WHAT TO PRODUCE: From the opening line of the records through the line bearing "Gesetzblatt (GBl.) der", set down every line exactly.

····················

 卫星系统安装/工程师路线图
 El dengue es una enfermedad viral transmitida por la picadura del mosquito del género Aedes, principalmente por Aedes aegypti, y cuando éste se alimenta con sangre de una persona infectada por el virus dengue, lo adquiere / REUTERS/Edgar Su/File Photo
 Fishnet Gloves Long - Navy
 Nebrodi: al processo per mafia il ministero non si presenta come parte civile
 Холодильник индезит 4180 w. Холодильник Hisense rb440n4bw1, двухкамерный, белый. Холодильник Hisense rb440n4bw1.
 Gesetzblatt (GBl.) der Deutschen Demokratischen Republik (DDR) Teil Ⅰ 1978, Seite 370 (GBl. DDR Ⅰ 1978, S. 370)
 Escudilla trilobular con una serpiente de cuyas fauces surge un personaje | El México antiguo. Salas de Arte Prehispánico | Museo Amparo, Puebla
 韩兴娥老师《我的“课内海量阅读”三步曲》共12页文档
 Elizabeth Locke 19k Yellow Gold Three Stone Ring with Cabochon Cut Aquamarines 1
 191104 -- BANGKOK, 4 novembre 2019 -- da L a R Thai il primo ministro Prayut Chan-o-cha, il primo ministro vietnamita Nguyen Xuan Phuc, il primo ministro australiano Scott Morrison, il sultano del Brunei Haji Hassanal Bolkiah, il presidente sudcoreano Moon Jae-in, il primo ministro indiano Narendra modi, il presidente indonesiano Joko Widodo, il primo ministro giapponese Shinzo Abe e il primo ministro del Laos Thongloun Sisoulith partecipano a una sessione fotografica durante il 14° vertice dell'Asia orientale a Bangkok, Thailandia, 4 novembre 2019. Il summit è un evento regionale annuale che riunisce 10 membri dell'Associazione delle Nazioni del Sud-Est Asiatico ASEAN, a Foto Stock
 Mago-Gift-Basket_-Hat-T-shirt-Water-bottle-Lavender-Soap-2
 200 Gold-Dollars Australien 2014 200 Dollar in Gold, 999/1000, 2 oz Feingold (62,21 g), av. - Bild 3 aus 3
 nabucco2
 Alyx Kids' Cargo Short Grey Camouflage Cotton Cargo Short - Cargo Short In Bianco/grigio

····················

RESPONSE:
 卫星系统安装/工程师路线图
 El dengue es una enfermedad viral transmitida por la picadura del mosquito del género Aedes, principalmente por Aedes aegypti, y cuando éste se alimenta con sangre de una persona infectada por el virus dengue, lo adquiere / REUTERS/Edgar Su/File Photo
 Fishnet Gloves Long - Navy
 Nebrodi: al processo per mafia il ministero non si presenta come parte civile
 Холодильник индезит 4180 w. Холодильник Hisense rb440n4bw1, двухкамерный, белый. Холодильник Hisense rb440n4bw1.
 Gesetzblatt (GBl.) der Deutschen Demokratischen Republik (DDR) Teil Ⅰ 1978, Seite 370 (GBl. DDR Ⅰ 1978, S. 370)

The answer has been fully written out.